On crap, less crap, and keeping out the crap
A friend of a friend of a friend (twice removed) had their condo burn down a few weeks ago. I thought this was totally bizarre: it's 2008, what burns down other than dilapidated old warehouses in Philadelphia or the California brush anymore? Isn't that sort of an 1840's type problem? (I asked if the 'fire brigade' was called and if it was pulled by horses. I'm kind of a dick) Apparently Jersey likes to keep it real and real flammable.
It got me to thinking--if my apartment burned down tomorrow (and considering the condition of the building I live in this seems entirely plausible; I'm a key player in the House Burning Down trifecta) there is nothing I would miss except for maybe the Barbie and the Rockers hot pink nail polish I wear sometimes and haven't been able to find again. Besides that I could walk away and not look back.
NOTE: This is entirely different than the time in the Detroit airport on my way to Las Vegas in February when I sat at 3AM by the baggage carousel and wept because no one could find my luggage. That was a matter of necessity, of expense, of being in Detroit. Don't discount that last one. It's a pretty big deal.
There would be things I would be inconvenienced by losing: one or two pairs of shoes, my makeup and my ridiculously expensive 'rape of the rainforrest' shampoo, pots and pans. Not even my huge bookshelf, the laptop, or the Desktop That Is Dead to Me make the list. A monetary inconvenience does not really equate to loss loss. I live in a perpetual state of monetary inconvenience, this would really be nothing new.
I used to spend so much time collecting, organizing, arranging, and cataloging crap that I thought was important to me or induced nostalgia like a punch to the throat. It's exhausting to carry that weight and having to set controlled fires just to find the things that are actually important instead of the importance you project on them. I once had a boyfriend tell me "You surround yourself with crap because you think you are crap." I'm not sure if or when I stopped thinking that--but I am out of crap. 100% out. Out of old shampoo bottles, mix tapes I can't play, cables to devices I don't own and probably won't replace any time soon, envelopes addressed to me to remind me of the contents, vitamins that make me sick, essays with professor comments I'll never re-read, etc. They don't own me anymore.

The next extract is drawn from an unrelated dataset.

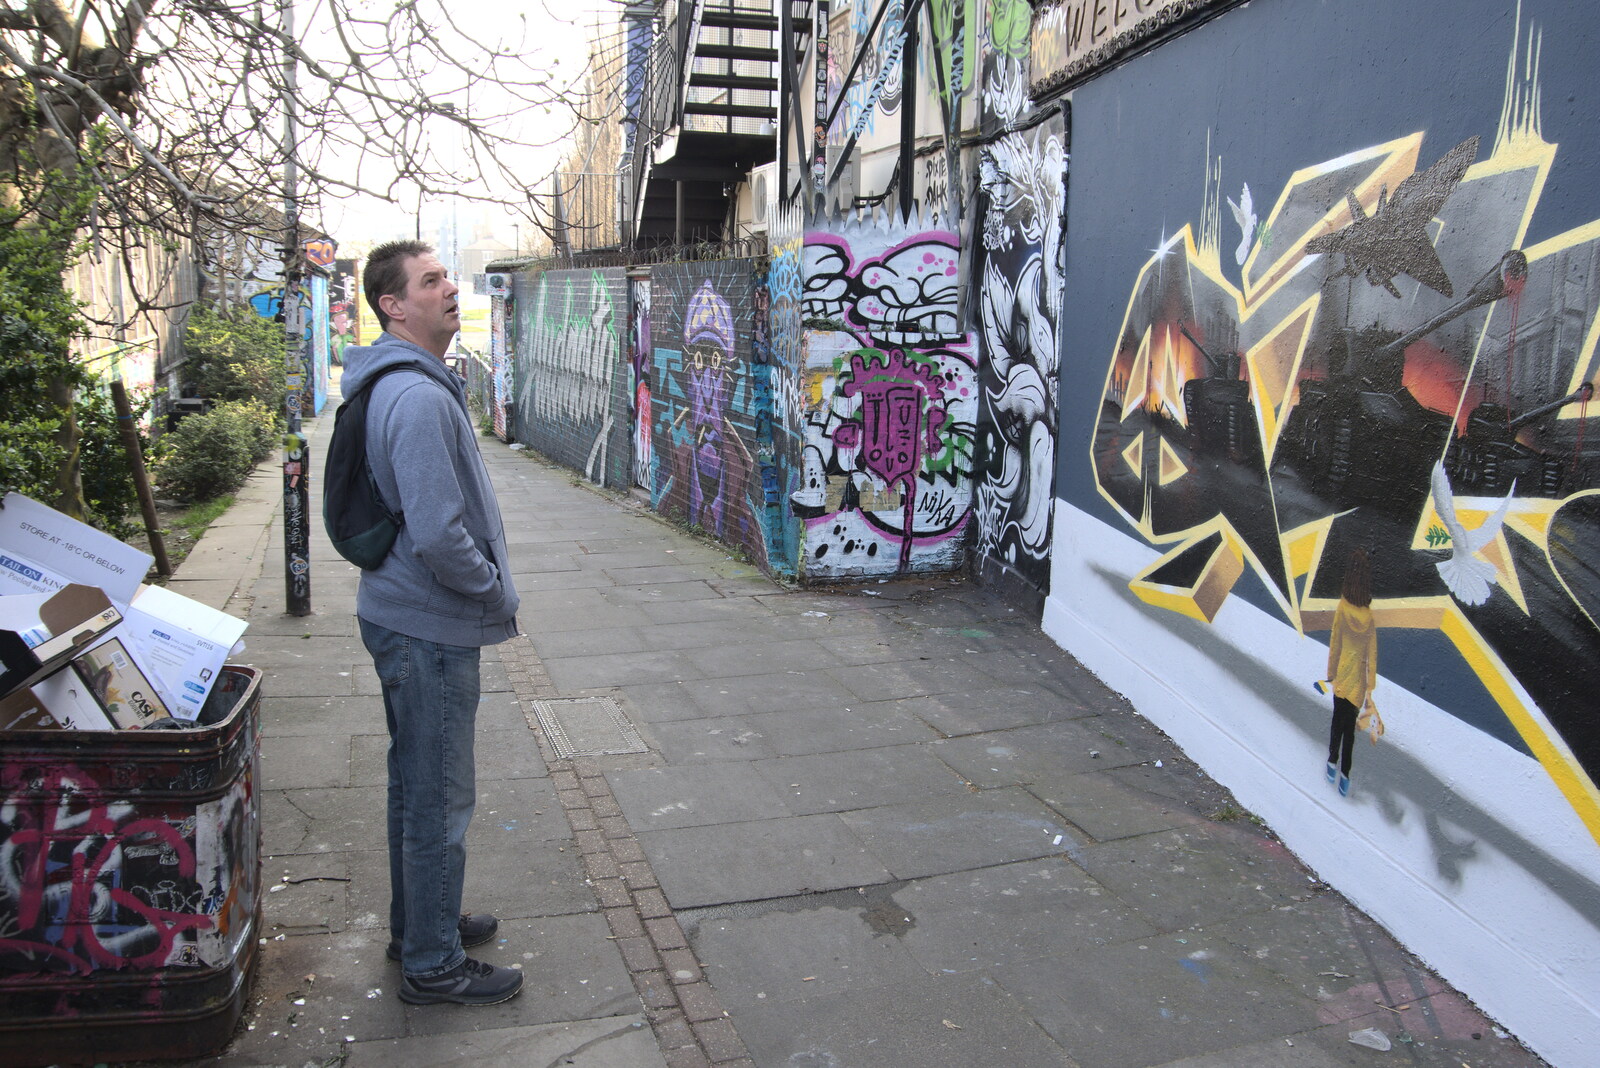 A Walk Around the South Bank, London - 25th March 2022: Sean looks up at some wall art
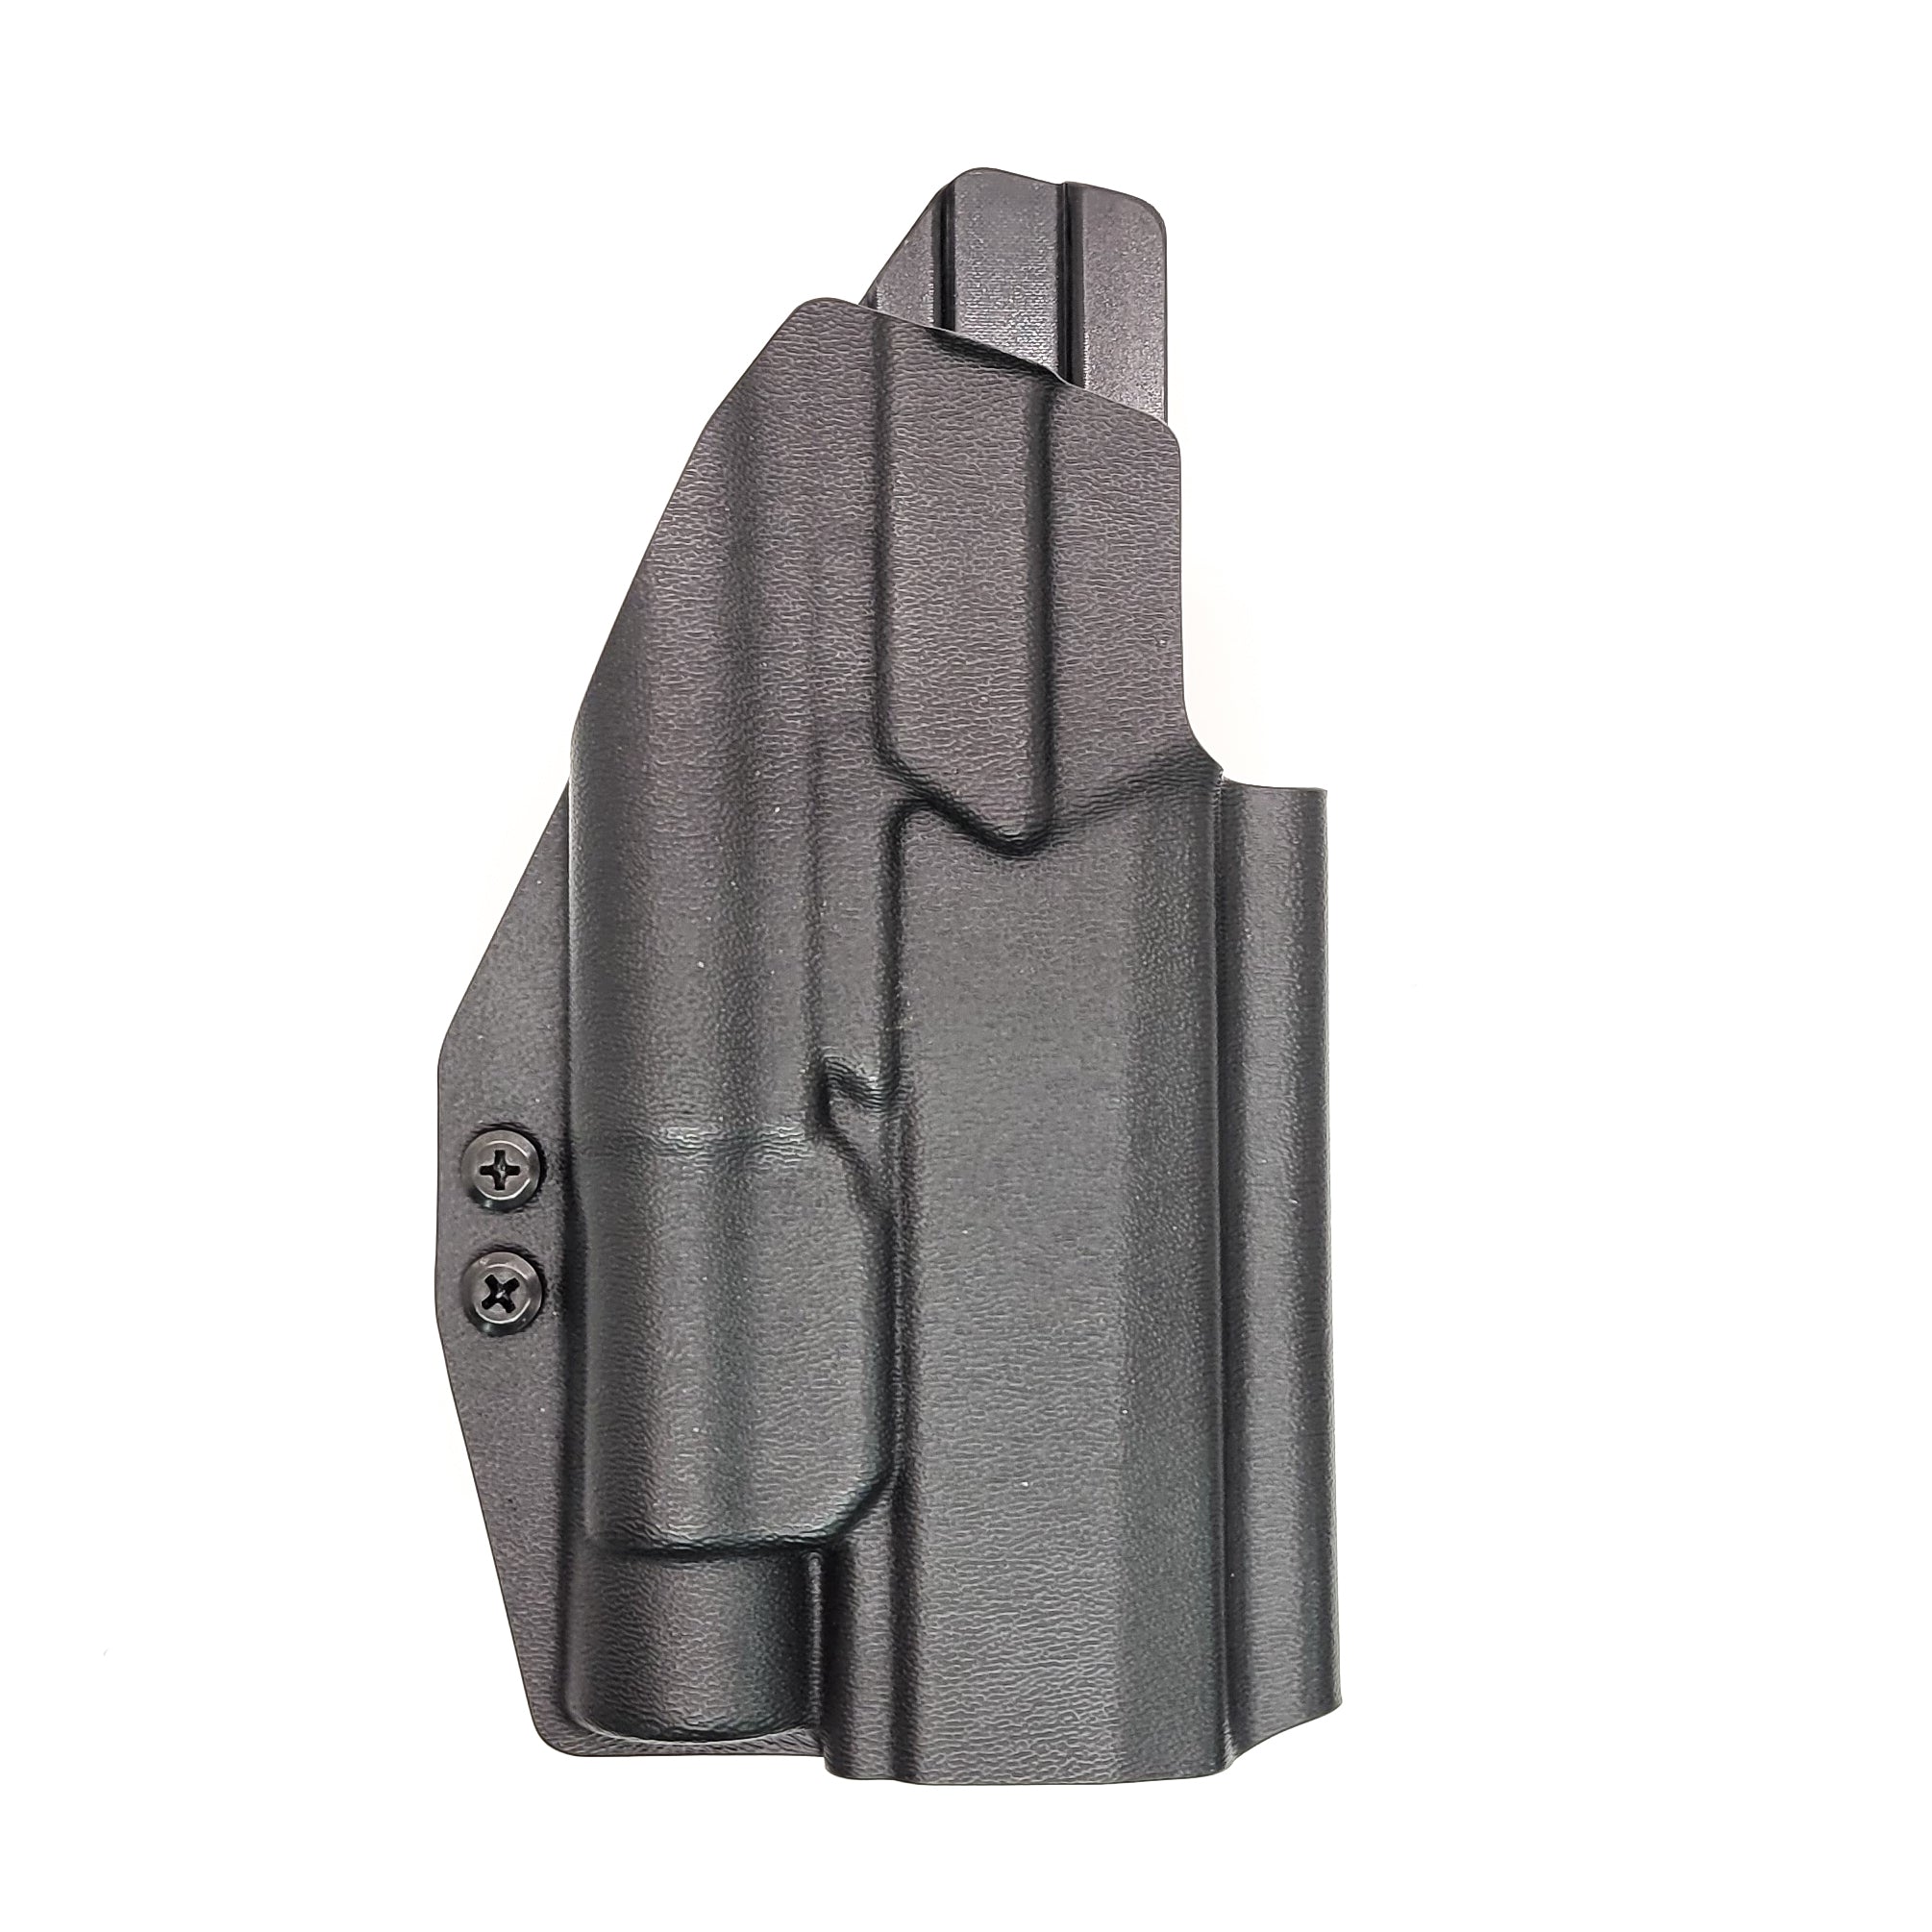 For the best OWB Outside Waistband Holster designed to fit the Sig Sauer P320 AXG & AXG Pro pistols with the Streamlight TLR-1 or TLR-1 HL light, look no further than Four Brothers. This holster will hold the Full Size, Carry, M18, M17, X-Five, and X-Five Legion with a TLR-1HL light. Open Muzzle Adjustable Retention

More importantly, I was too exhausted through the last 5 moves (one per the last five years) to keep carting it all around with me and purged it significantly in the last three. When discussing this I was going to say that there were some cards and letters and pictures I would miss but even that would have been a lie. There aren't any anymore and those that may float around I haven't looked at for ages. My priorities now mostly lie with nailpolish and how I'd get to work. I've either come a long way or not very far at all--it's tough to say.
The trick will be if I decide to live in good ol' 4th and Stabbytown for a second or a third year, whether or not the crap will start to build up or whether or not I've finally kicked the habit. I suspect I may have but without real-world experience it's tough to say; I was browsing for K'Nex set on eBay earlier because I had a really bangin' idea for a windmill. Some habits really die hard.
Comments
i am not really attached to crap either. too much of a pain to move around. of course i've been here for years now. i don't collect crap, though. that's steve's job. he's the collector in the fam.
dude, our place would go up in flames so fast... do you have any idea how many books, graphic novels and comic books we have in here? it's cuh-razy.
The only thing I would've included on the list was already thrown out when my mom was packing for me to move to NJ. It was a big plastic 32oz+ soda type cup from a place called Tippy's Tacos in VA. I drink a TON of water every day and was always happy to pay an extra $1 or for a cup around the house. Most of the picture had faded off and it was cracked but I still loved it and it reminded me of when I got it and all the times I ate at Tippy's. AND SHE THREW THE GOD DAMNED THING AWAY.
I bought more when I was in VA last month, but it's not the same.
You're better than me, though. I would've just lit that shit on fire and collected the insurance.
my mom DID throw out my teddy bear when i was kid, though. i'm not sure i can forgive her for that. hehe.
/not a statement against consumption
//still get what you mean
//fuck I'm doing a Fark meme in my own damn blob
when we got to my apt, it was a bit of a disappointment to see that the fire, while in my complex, had only burned a few carports & cars - not my stuff. i was forced back to the reality of my existing bills and conflicts.
After reading this I'm going to spend the day throwing out crap. Thanks!